The serine recombinases are a diverse family of modular enzymes that promote high-fidelity DNA rearrangements between specific target sites. Replacement of their native DNA-binding domains with custom-designed Cys 2-His2 zinc-finger proteins results in the creation of engineered zinc-finger recombinases (ZFRs) capable of achieving targeted genetic modifications the flexibility afforded by zinc-finger domains enables the design of hybrid recombinases that recognize a wide variety of potential target sites; however, this technology remains constrained by the strict recognition specificities imposed by the ZFR catalytic domains. In particular, the ability to fully reprogram serine recombinase catalytic specificity has been impeded by conserved base requirements within each recombinase target site and an incomplete understanding of the factors governing DNA recognition. Here we describe an approach to complement the targeting capacity of ZFRs. Using directed evolution, we isolated mutants of the β and Sin recombinases that specifically recognize target sites previously outside the scope of ZFRs. Additionally, we developed a genetic screen to determine the specific base requirements for site-specific recombination and showed that specificity profiling enables the discovery of unique genomic ZFR substrates.

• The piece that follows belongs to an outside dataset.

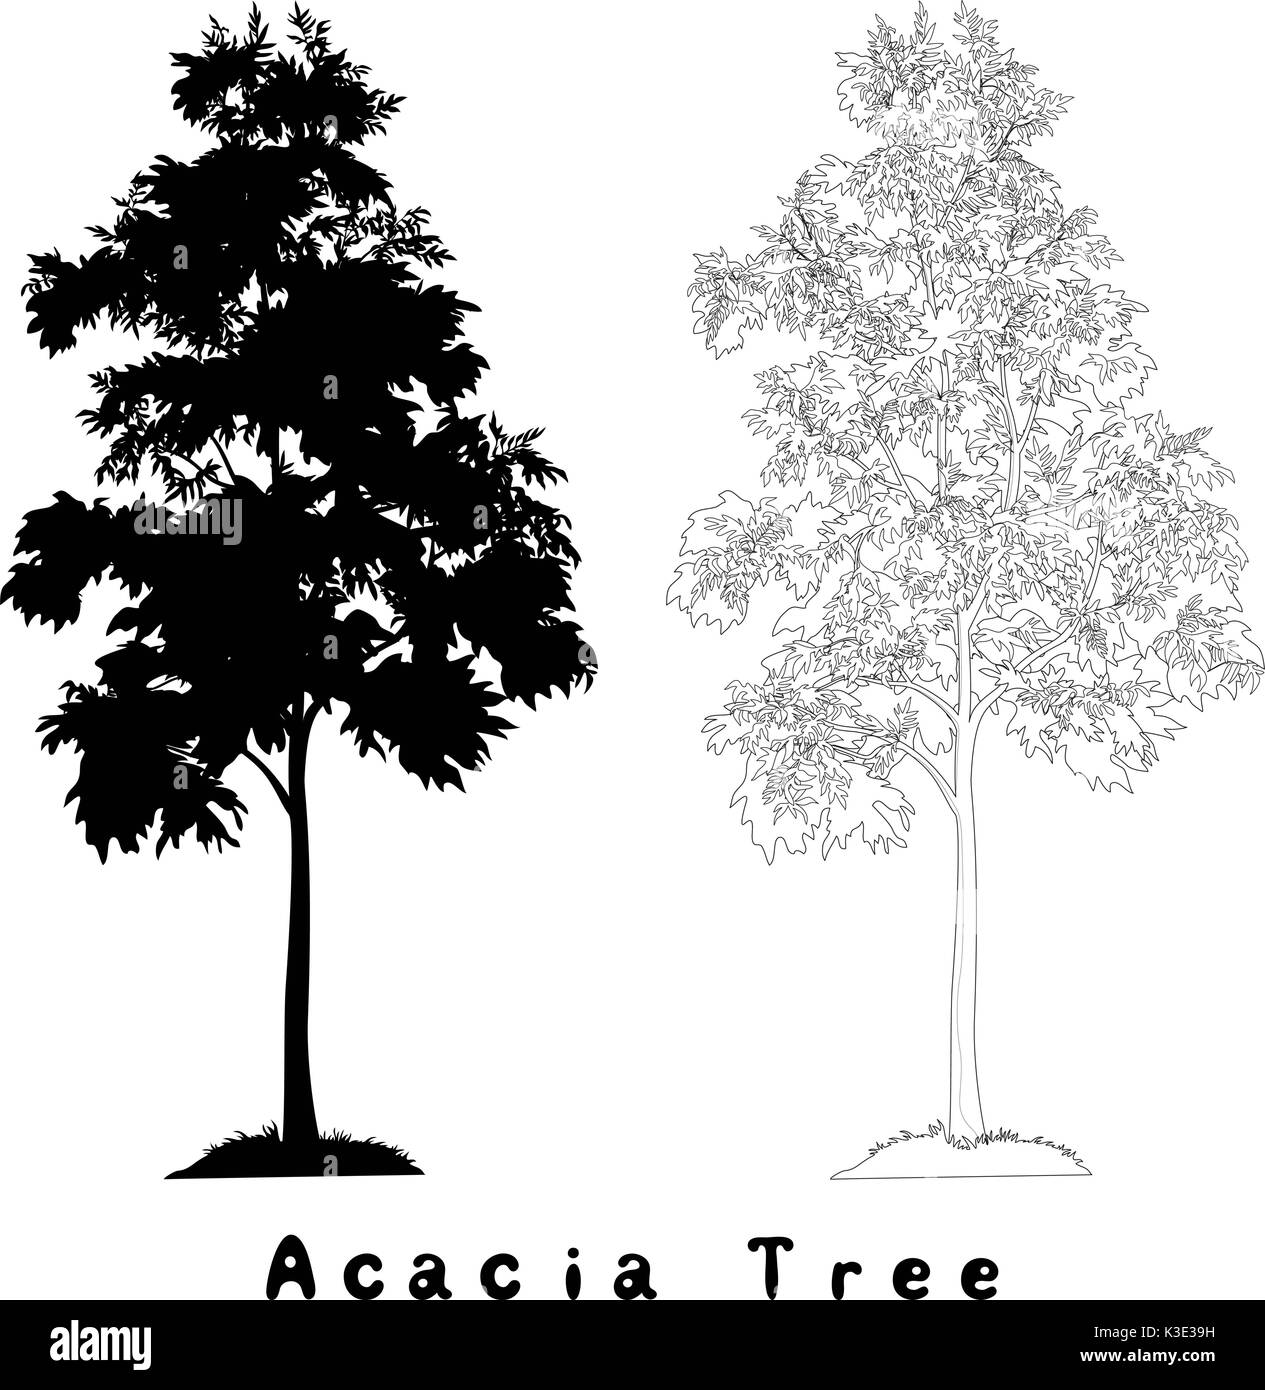 Acacia tree silhouette, contours and inscriptions Stock Vector

Finally, we conducted an extensive and family-wide mutational analysis of the serine recombinase DNA-binding arm region and uncovered a diverse network of residues that confer target specificity these results demonstrate that the ZFR repertoire is extensible and highlights the potential of ZFRs as a class of flexible tools for targeted genome engineering.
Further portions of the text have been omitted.